Saudi crown prince Mohammed bin Salman has initiated a new round of purges of potential royal challengers with the aim of clearing his path to the succession once his elderly and ailing father, King Salman (84), steps down or dies.
Bin Salman may try to achieve this objective before the G20 meeting of leading industrial nations in Riyadh in November. The detained princes are accused of "treason" for contacting foreign powers with the aim of carrying out a coup.
The crown prince’s most senior targets are prince Ahmed bin Abdulaziz, the king’s full brother and former interior minister, and his son Nayef, head of the Land Forces Intelligence and Security Authority and the highest ranking member of the Saudi armed forces to be purged.
Prince Ahmed, a member of the Allegiance Council which decides on succession, has openly objected to his nephew’s rise to power and returned in 2018 from exile in Britain only after assurances that he would not be arrested.

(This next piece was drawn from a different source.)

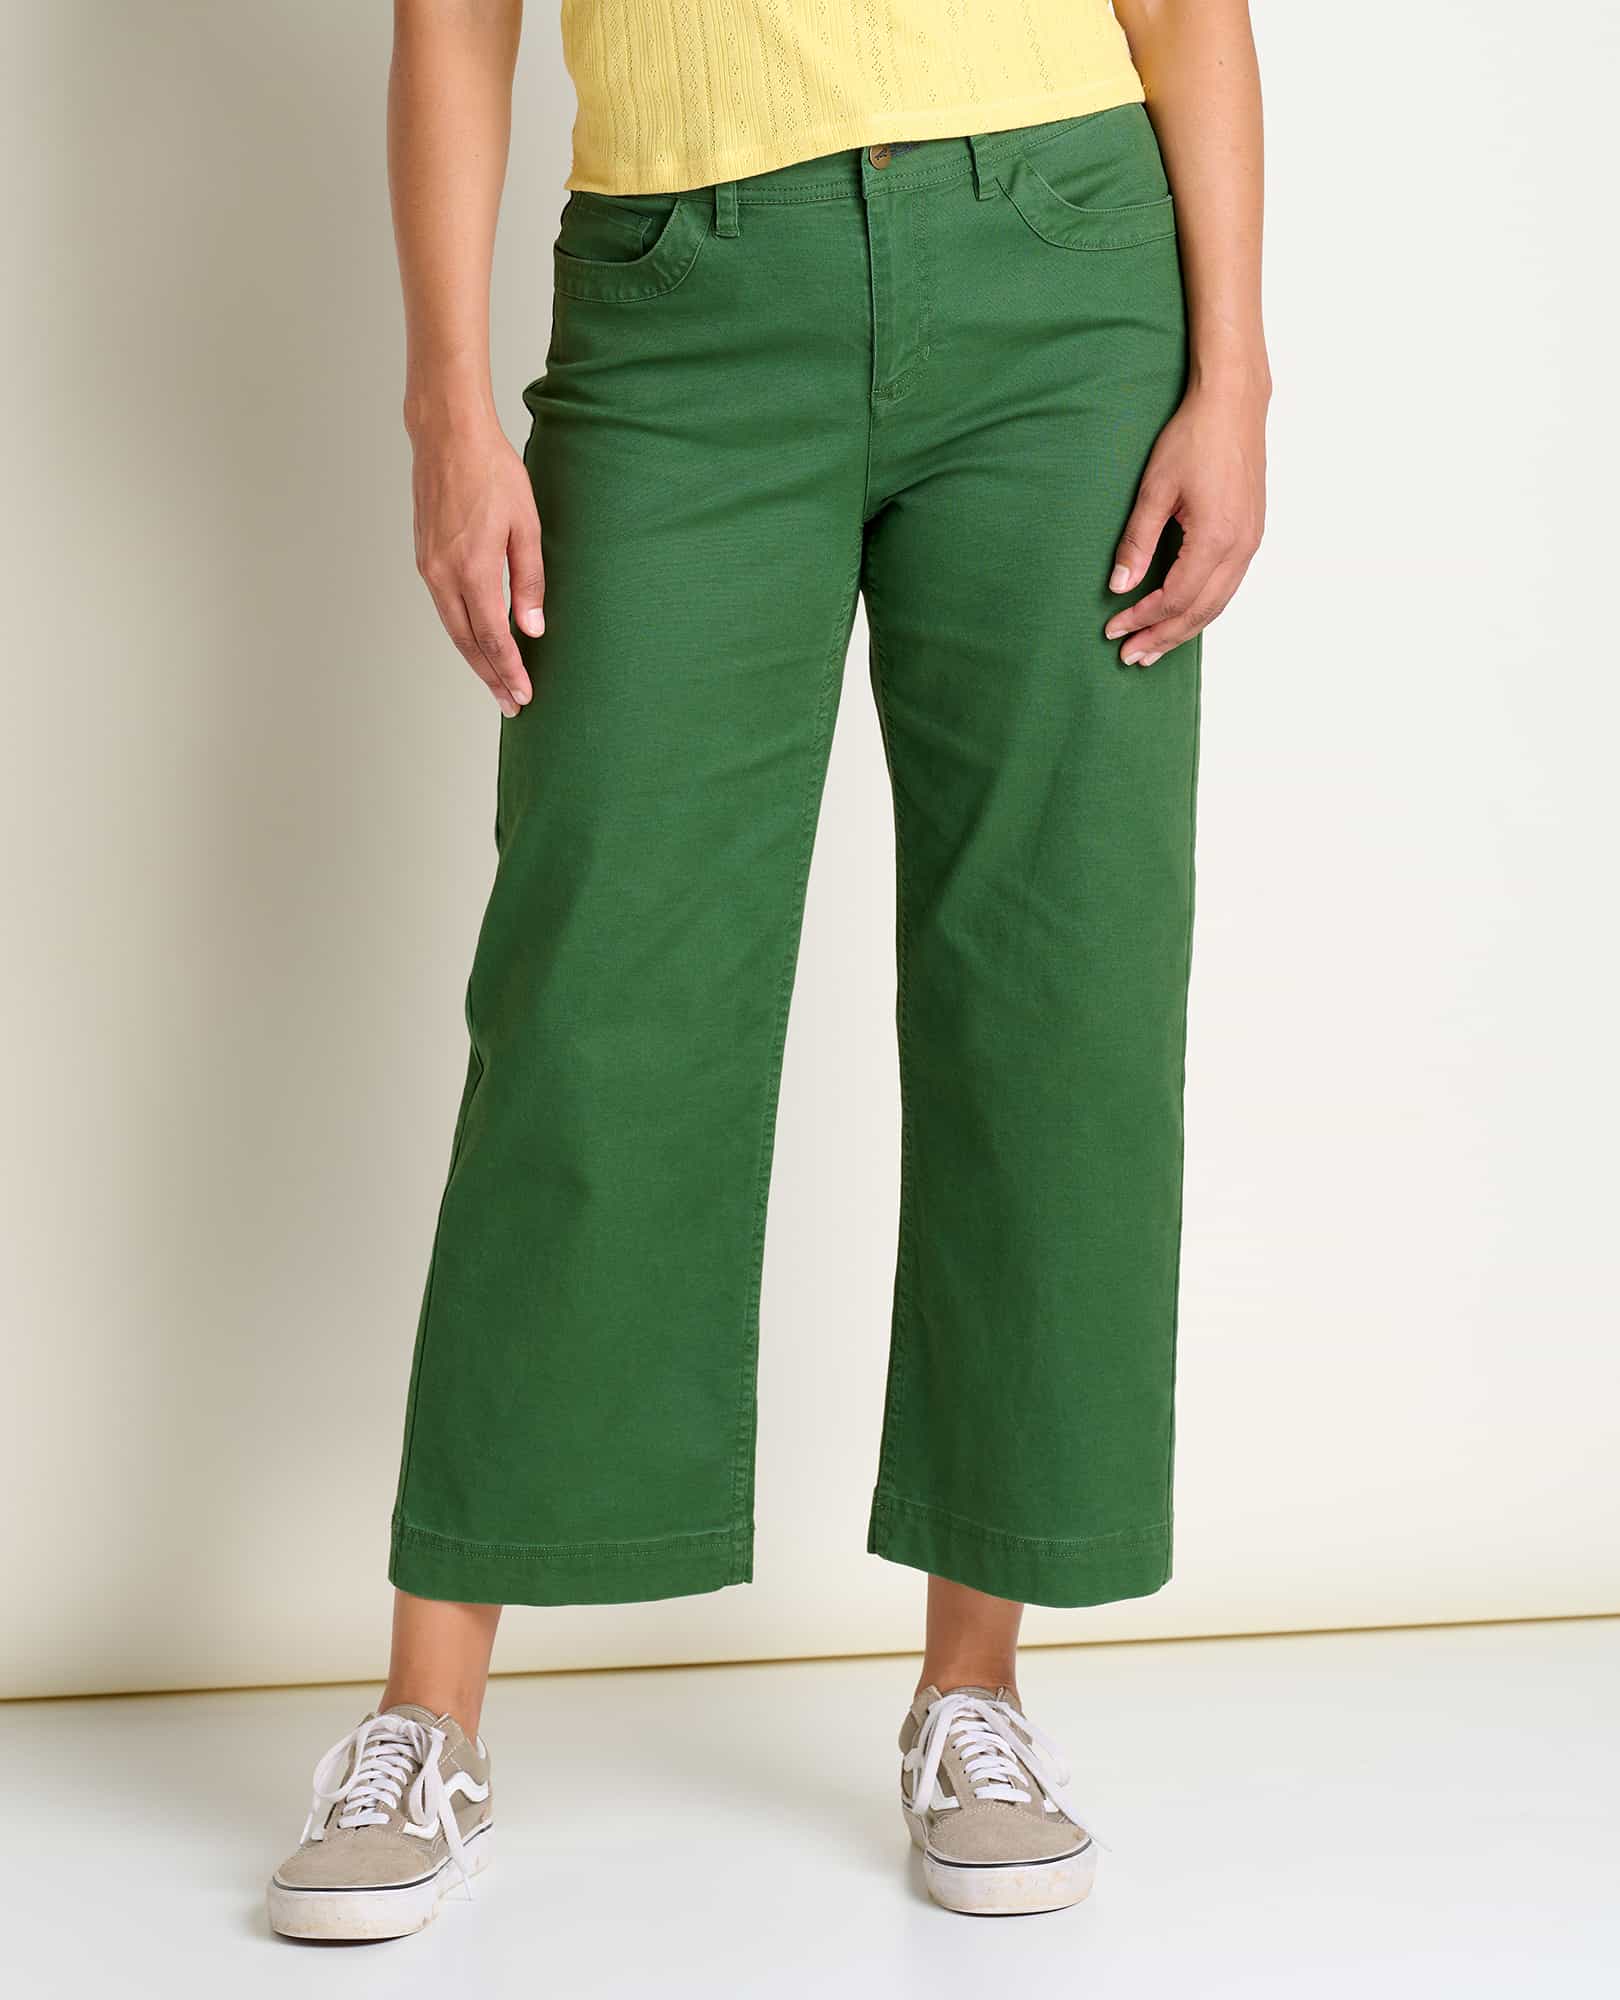 Go Green: How I'm Wearing J. Crew's Sustainable Cargo Pants - The

Prince Mohammed bin Nayef, famed for his suppression of radicals, was named crown prince in 2015 when King Salman took the throne and replaced and put under house arrest in 2017 by bin Salman. Bin Nayef’s half-brother Nawaf has also been held, either at home or in jail.
The four belong to bin Salman’s “Sudairi branch” of the dynasty founded by Abdulaziz bin Saud, who had seven sons with Hassa al-Sudairi, the daughter of a powerful tribal chief. Two of the “Sudairi seven”, Fahd and Salman, have become king.

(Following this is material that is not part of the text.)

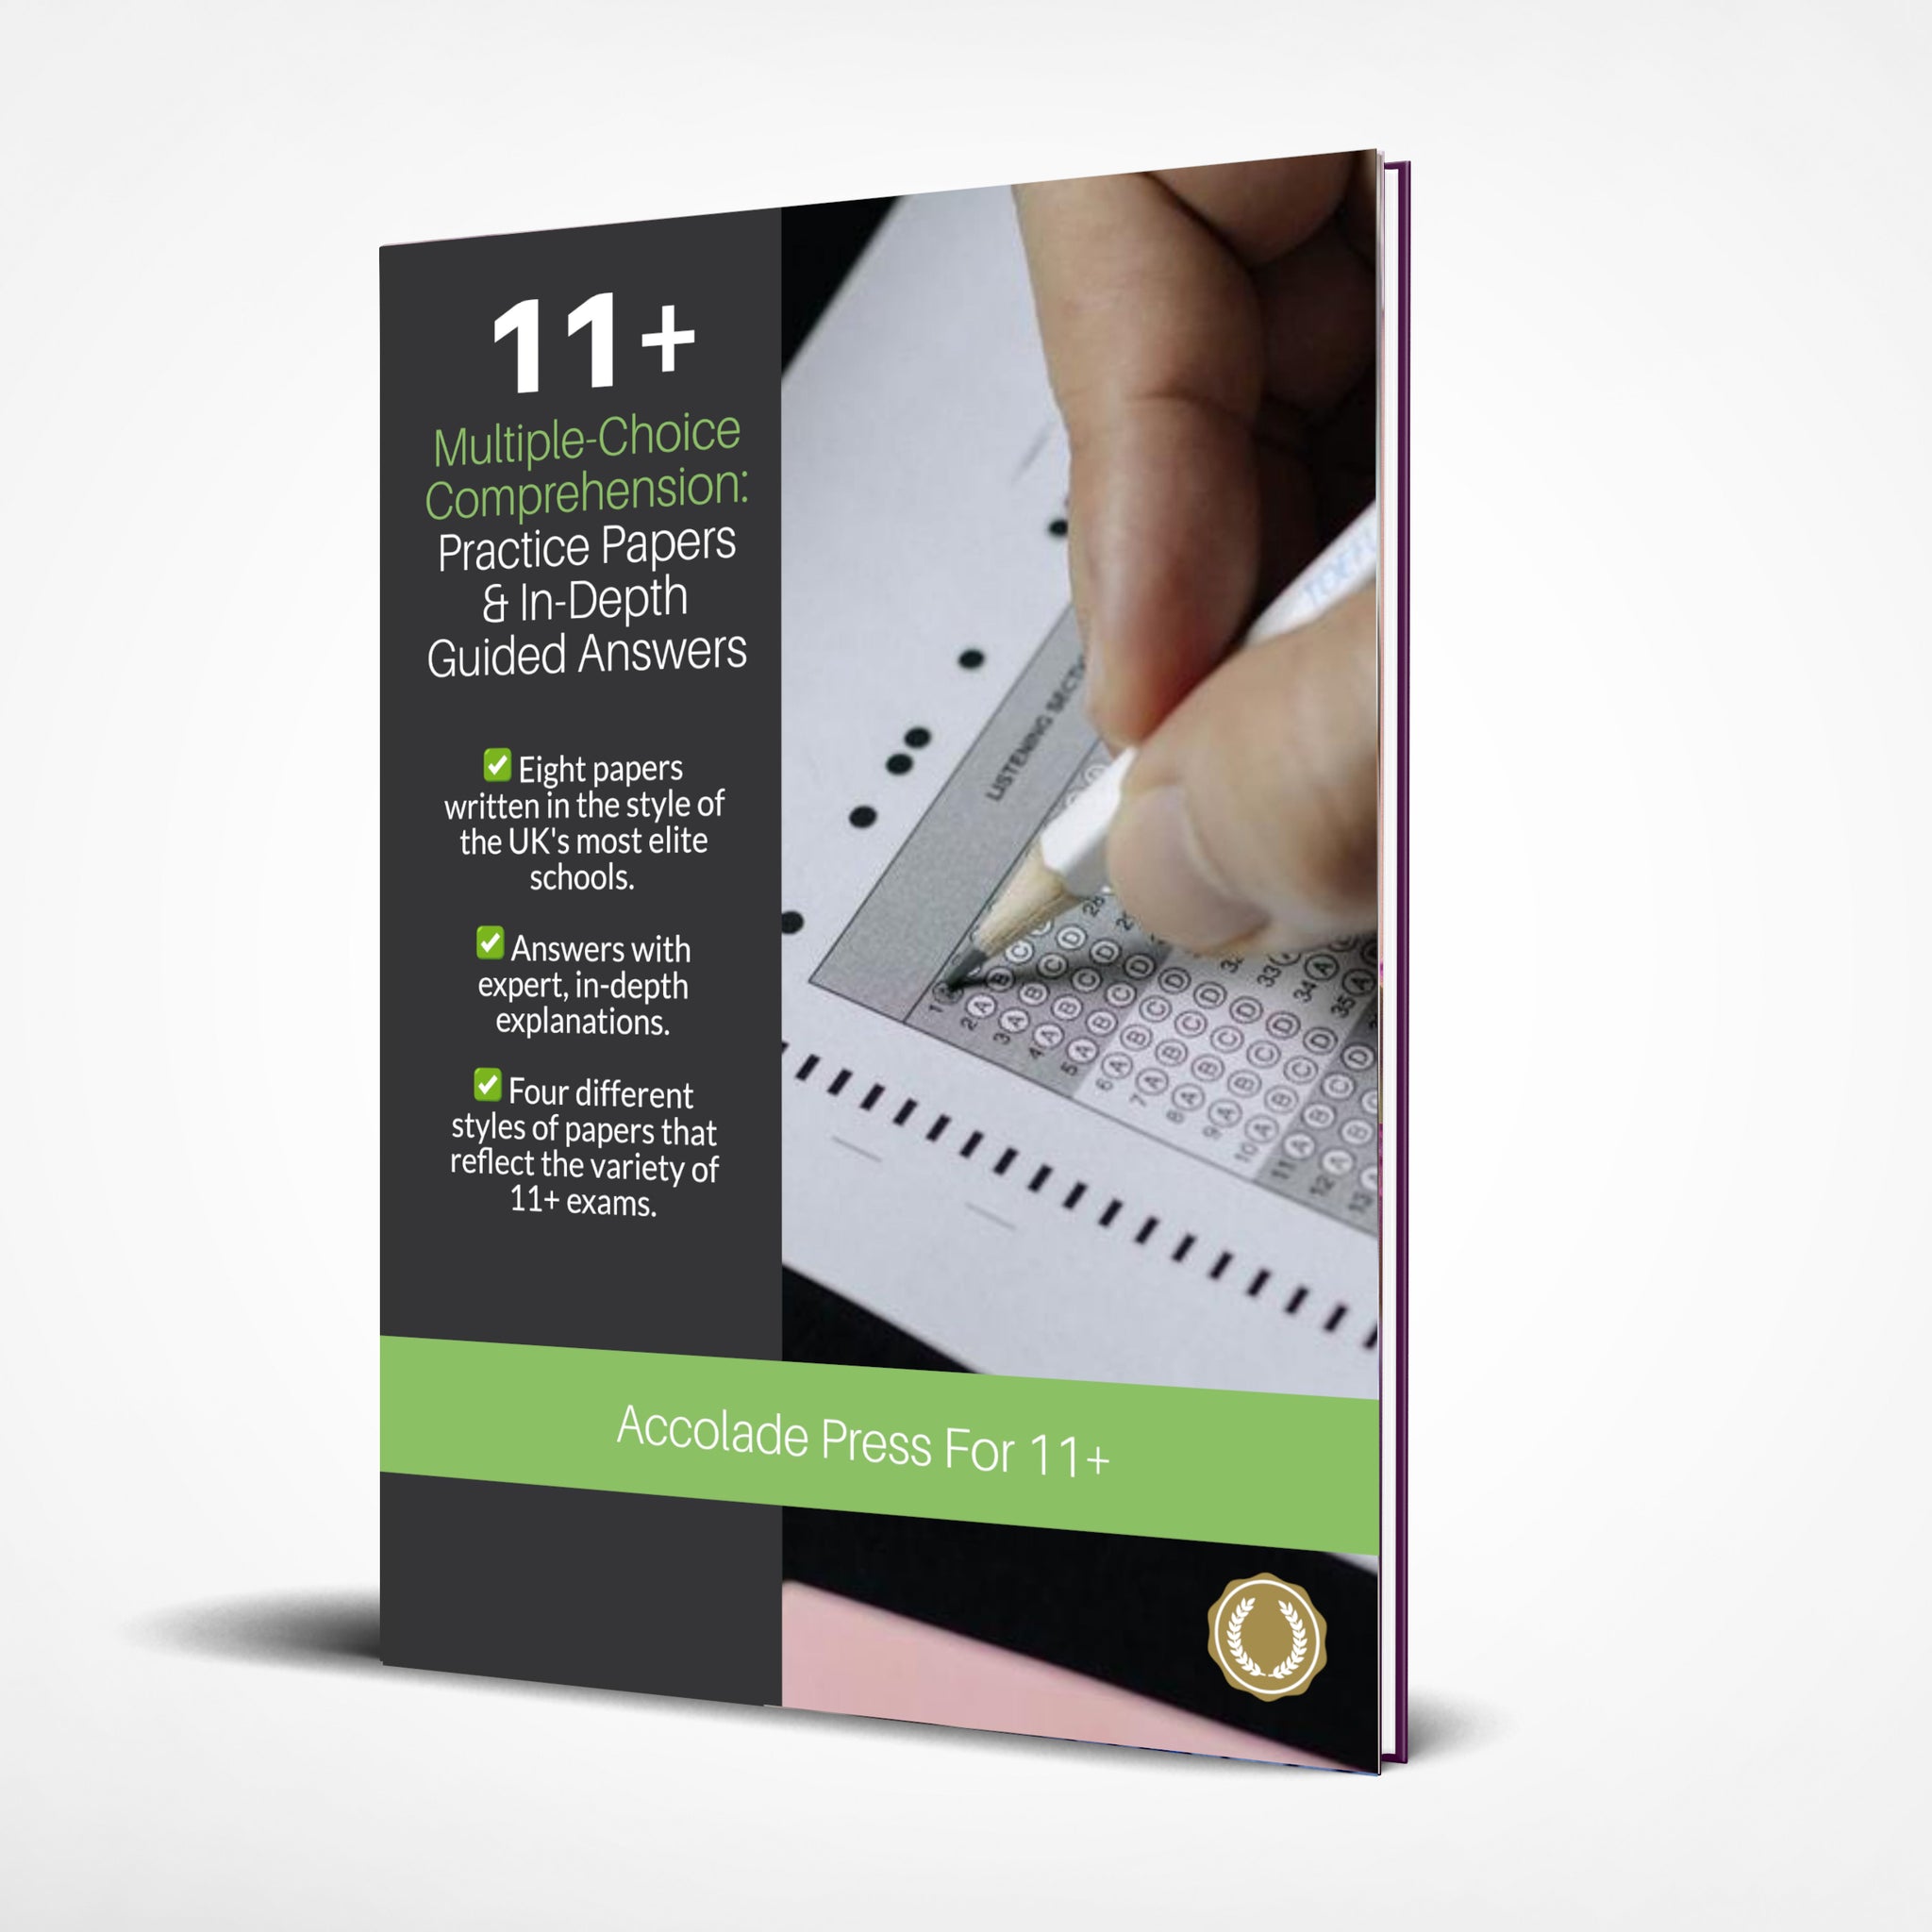 11+ Multiple-Choice Comprehension: Practice Papers & In-Depth Guided Answers

When Salman took power in January 2015, he fomented tension among royals by violating the established order of succession by choosing a Sudairi crown prince instead of a scion from another branch. Rotation had maintained balance and peace in the family.
Resentment deepened
Bin Salman’s record as Saudi Arabia’s de facto leader has not inspired confidence. His purge of family members, which began in 2017, has alienated royals; his crackdown on commoner dissent has made critics fearful but won him no supporters.
The brutal murder of expatriate journalist Jamal Khashoggi in the Saudi consulate in Istanbul has horrified global public opinion. Bin Salman's Vision 2030, intended to diversify the kingdom's oil-dependent economy, has faltered.
His ambition for a much needed triumph was thwarted when the public listing of state-owned Saudi Aramco stock took place on the Saudi exchange rather than in New York or London. His war in Yemen is an expensive disaster from which he appears unable to extract the kingdom.
Bin Salman’s repression of Shias has deepened resentment against the Sunni establishment in the oil-rich Eastern Province. By allowing women to drive, obtain passports and attend sporting events, by opening cinemas and promoting concerts, bin Salman has become popular with the young generation of Saudis who have no means to affect policies in the autocratic kingdom.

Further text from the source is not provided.